My exact situation is that I have a matrix p by n matrix X (p = features, n = trials) where the trials are photos taken of faces, and the features are the pixels in the photos (so a 32256 by 148 matrix). What I want to do is find the principal component score vectors of that matrix. Since finding the covariance matrix XX^T is too expensive, an easy solution is to find the eigenvectors (v_i) of X^TX and transform them by X (Xv_i) more info.

XTX <- t(X) %*% X # missing the 1 / n - 1 for cov matrix b/c we normalize later anyway
eigen <- eigen(XTX)
eigenvectors.XTX.col <- eigen$vectors

principal.component.scores <- apply(eigenvectors.XTX.col, 2, function(c) {
  normalize.vector(X %*% matrix(c, ncol = 1))
})

The principal component scores are eigenfaces in my case, and can be used to successfully reconstruct the target face as seen here: http://cl.ly/image/260w0N0u0Z3y (refer to my full code for how)

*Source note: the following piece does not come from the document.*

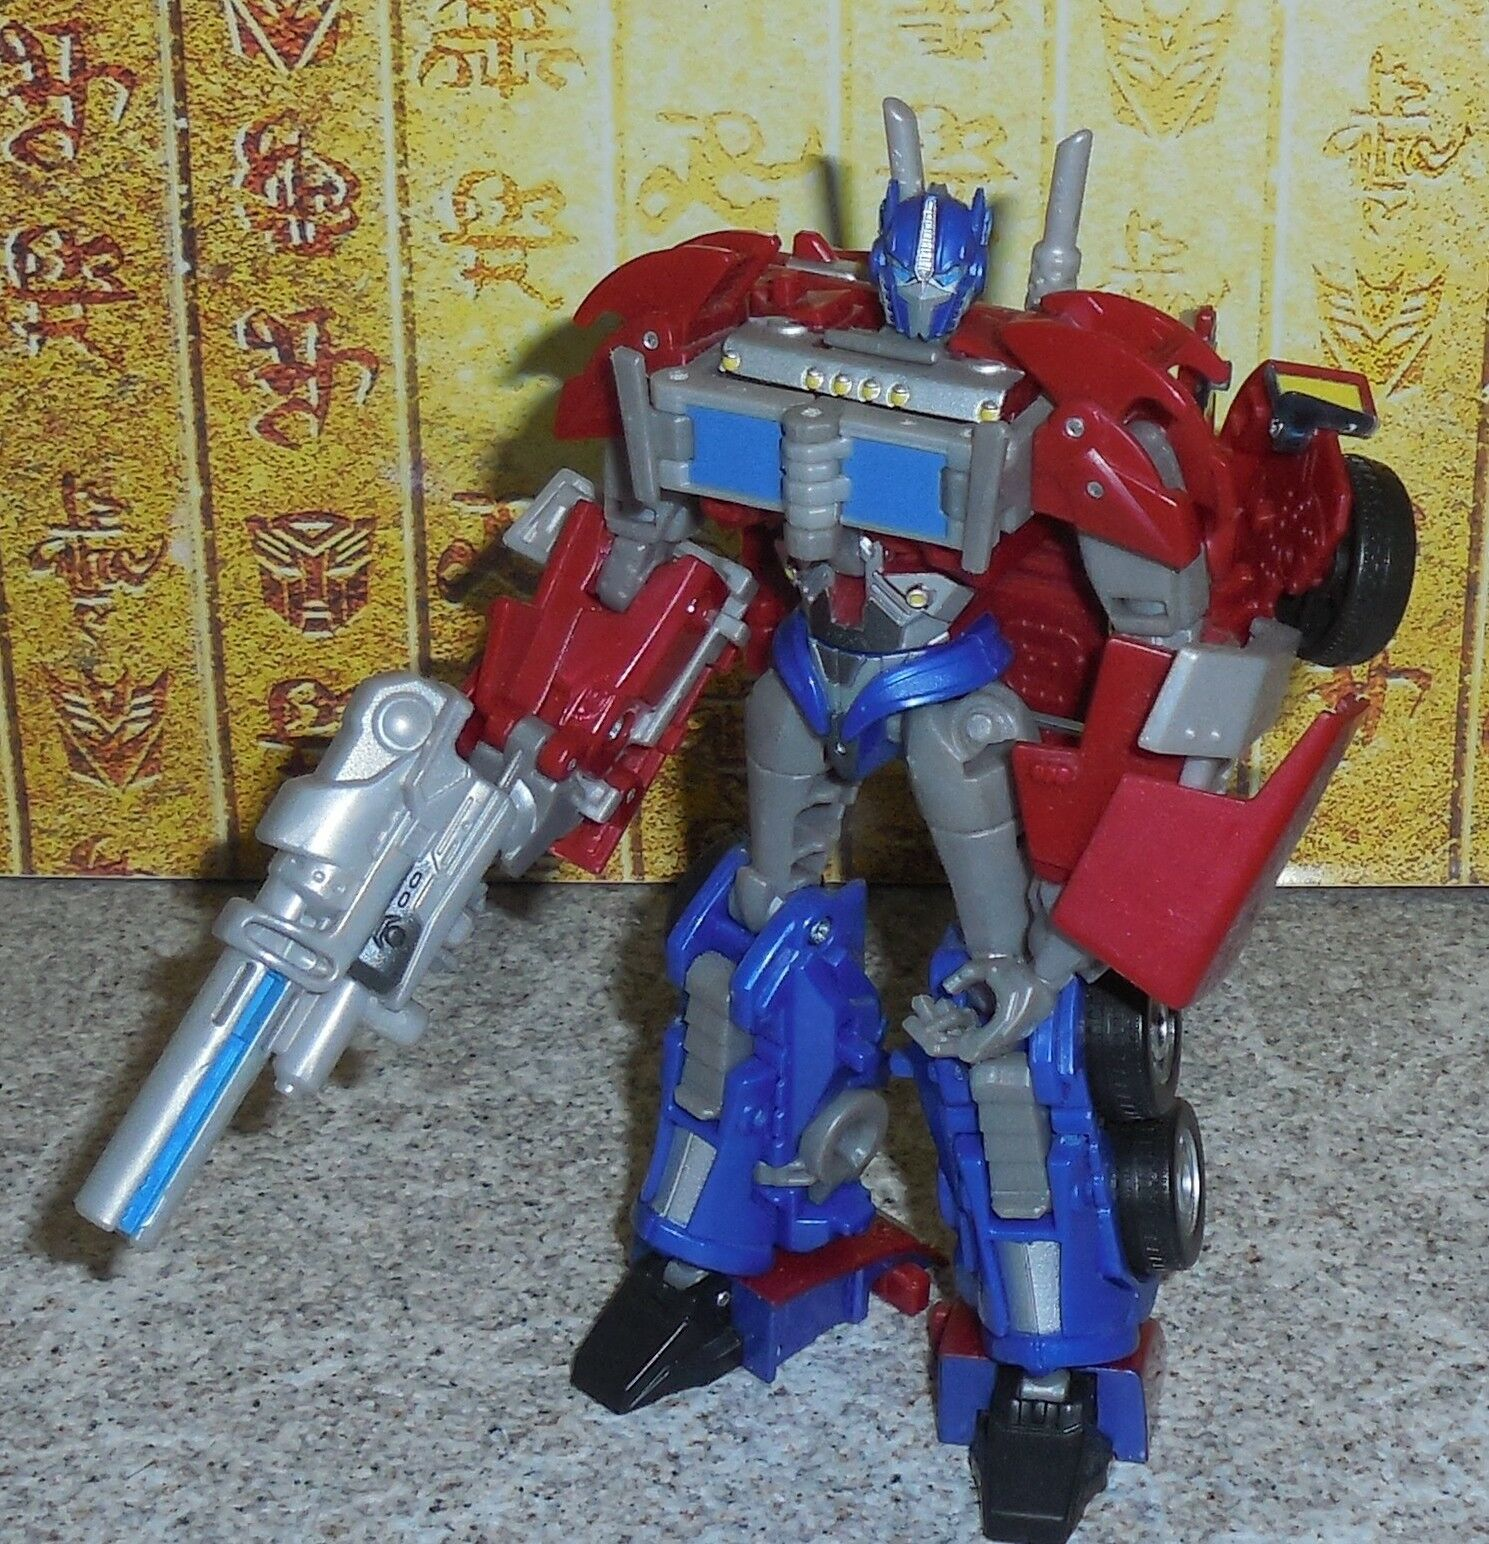 Transformers Prime Erste Ausgabe Optimus Prime Komplett Deluxe

Passing X to prcomp should do something equivalent, but has a different result than the above homegrown way:

pca <- prcomp(X)
pca$x # right size, but wrong pc scores

The result of using pca$x in reconstructing the face is not total crap, but much worse: http://cl.ly/image/2p19360u2P43

I also checked that using prcomp on t(x) yielded a different rotation matrix, so prcomp is doing something fancy, but something mysterious under the hood. I know from here that prcomp is using SVD to calculate the principal component loading vectors instead of eigen decomposition, but that should not be leading to any errors here (or so I think...).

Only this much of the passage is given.